## Supplied material

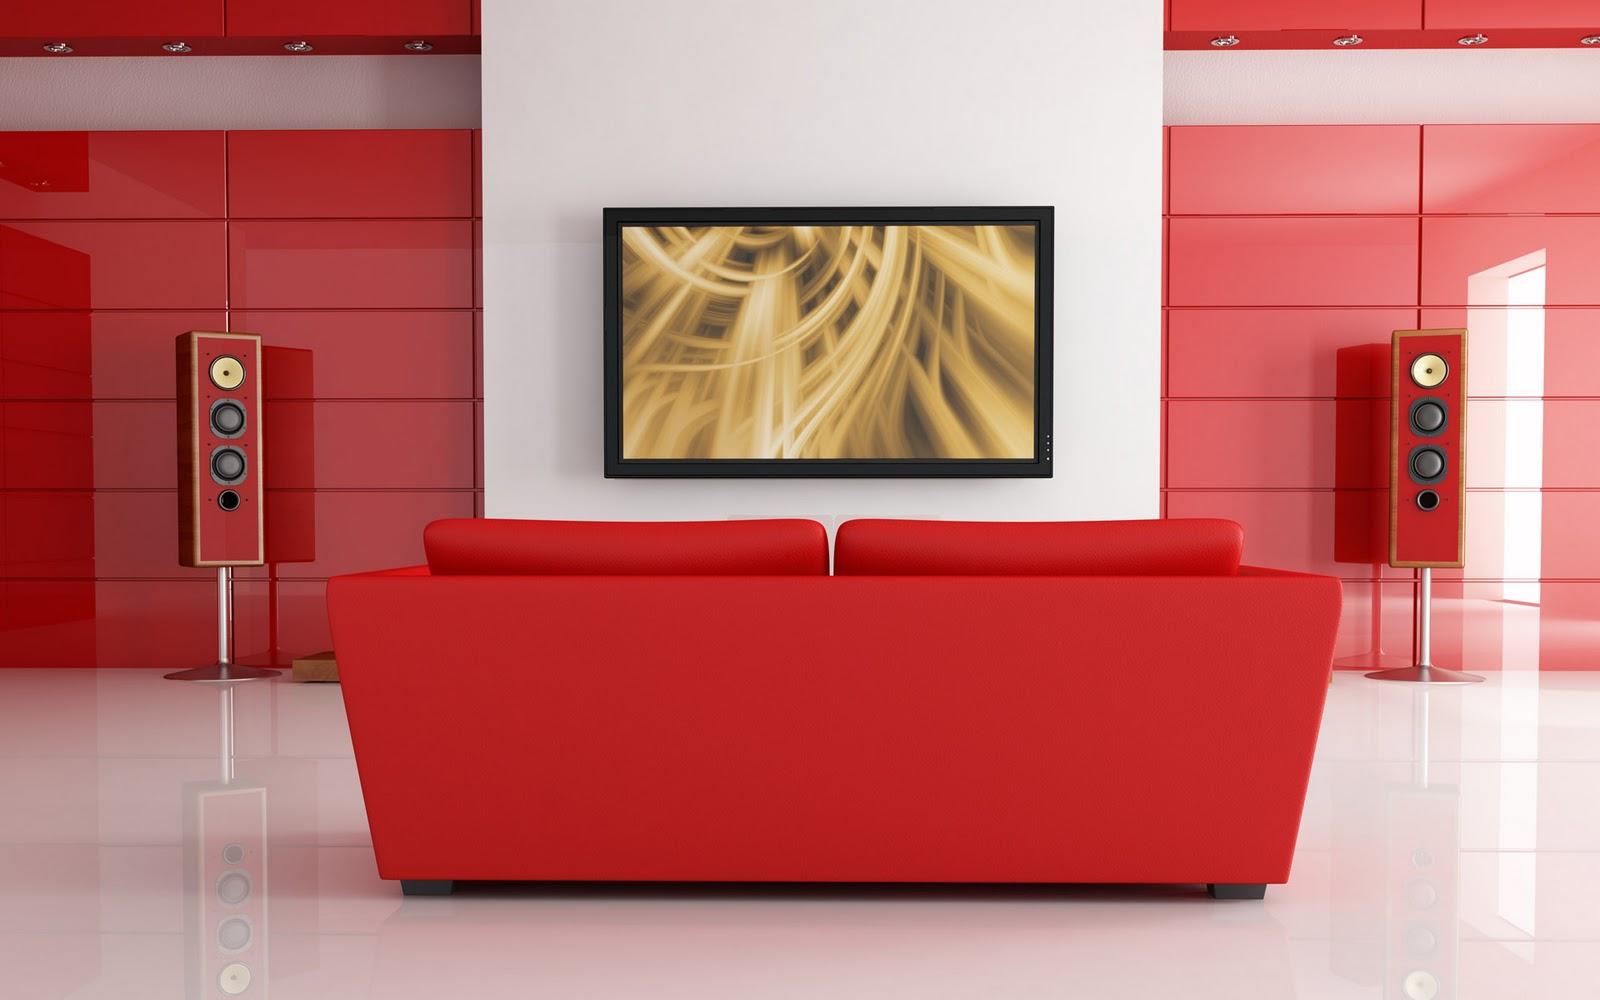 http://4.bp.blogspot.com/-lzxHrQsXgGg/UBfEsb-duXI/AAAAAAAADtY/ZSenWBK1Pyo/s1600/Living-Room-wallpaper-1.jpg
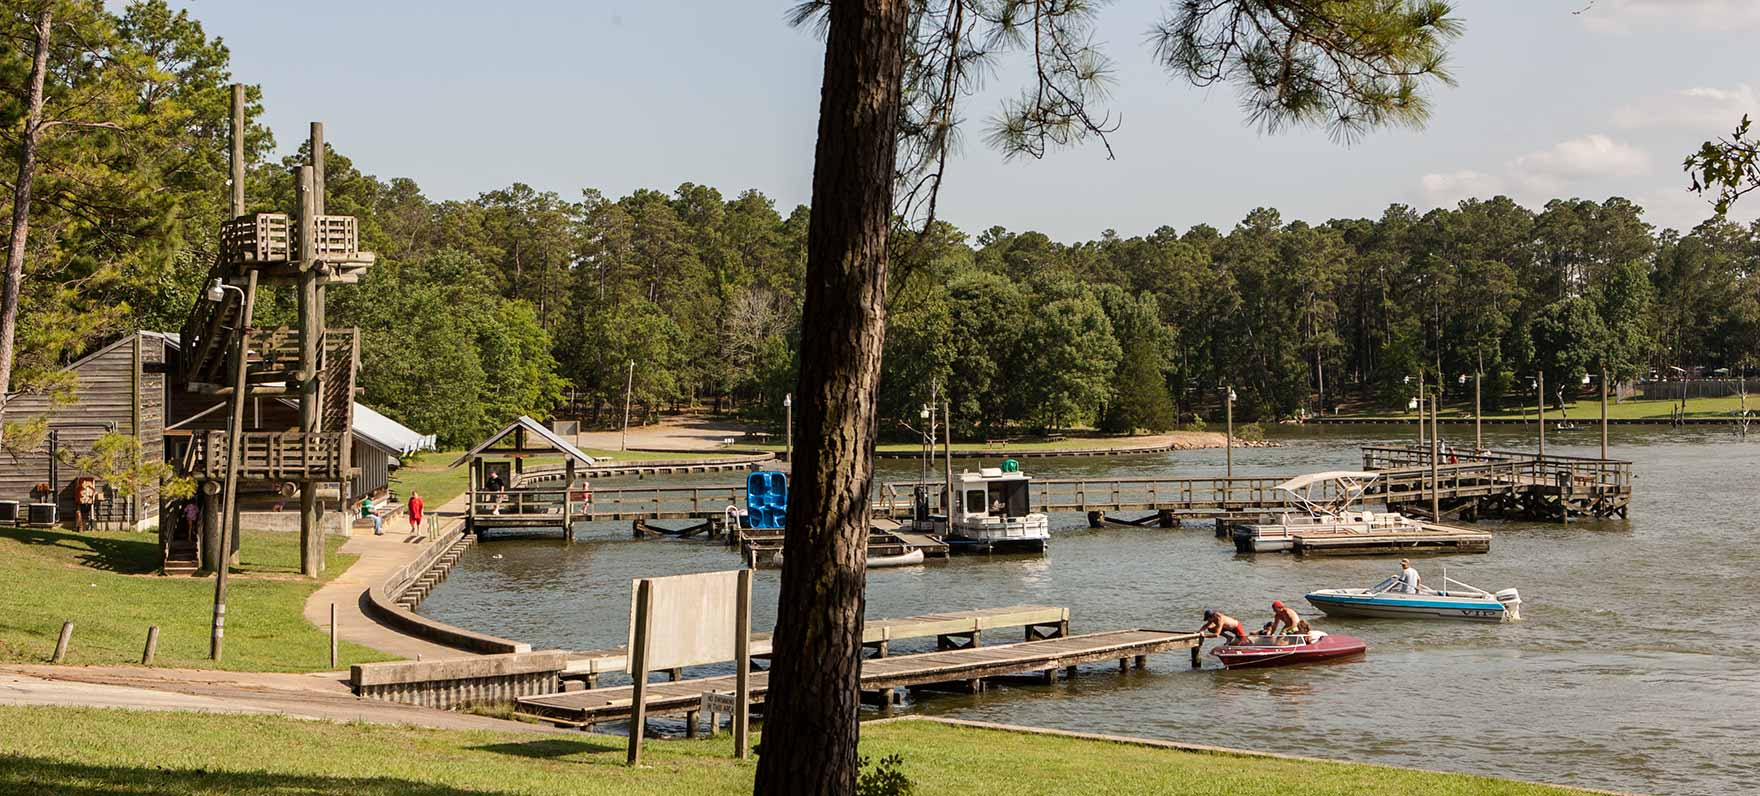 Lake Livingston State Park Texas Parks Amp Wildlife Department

---

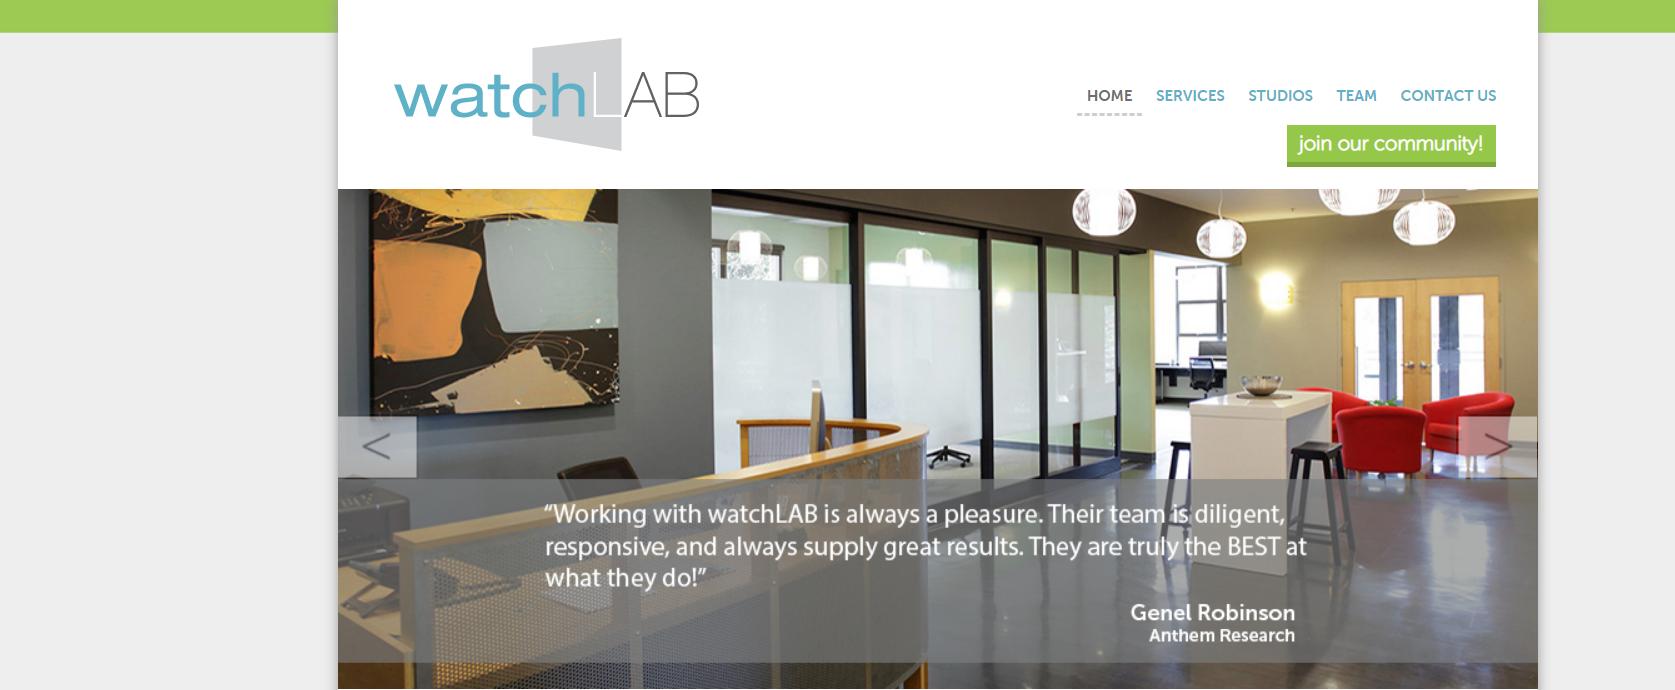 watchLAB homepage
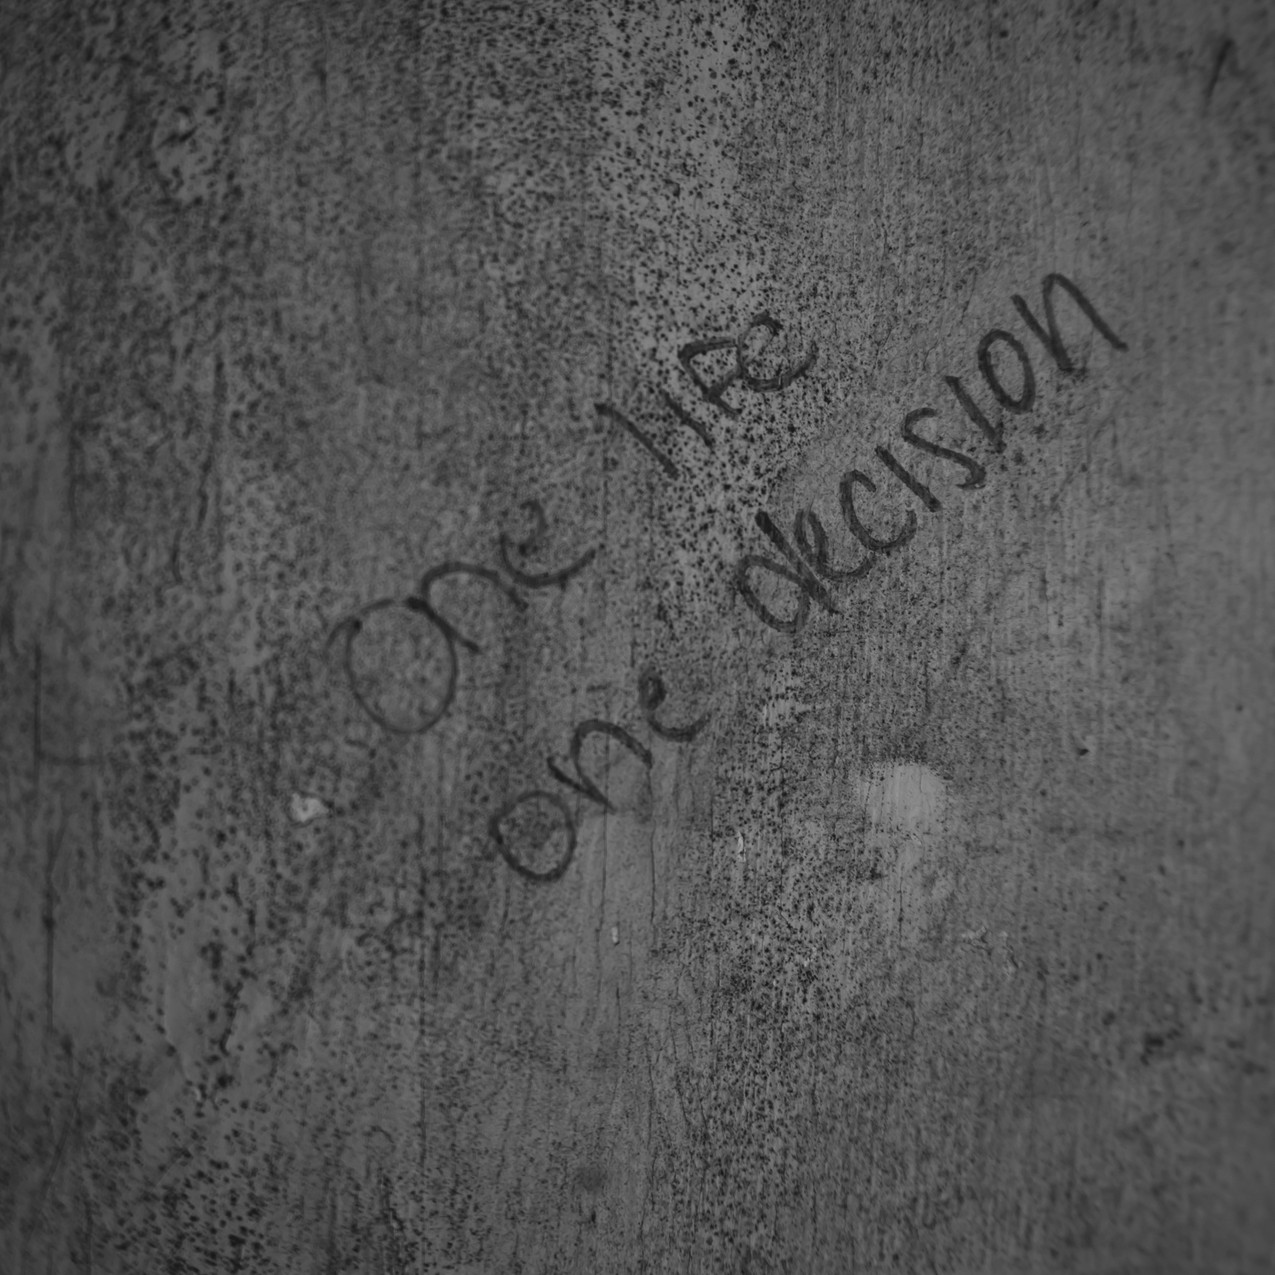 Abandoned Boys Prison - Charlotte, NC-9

## Problem details
Exactly the lines starting at the one above with "watchLAB homepage" and ending at the one with "Abandoned Boys Prison - Charlotte, NC-9" should be printed, and nothing else. Omit the pictures.

## Task answer
 watchLAB homepage
 Abandoned Boys Prison - Charlotte, NC-9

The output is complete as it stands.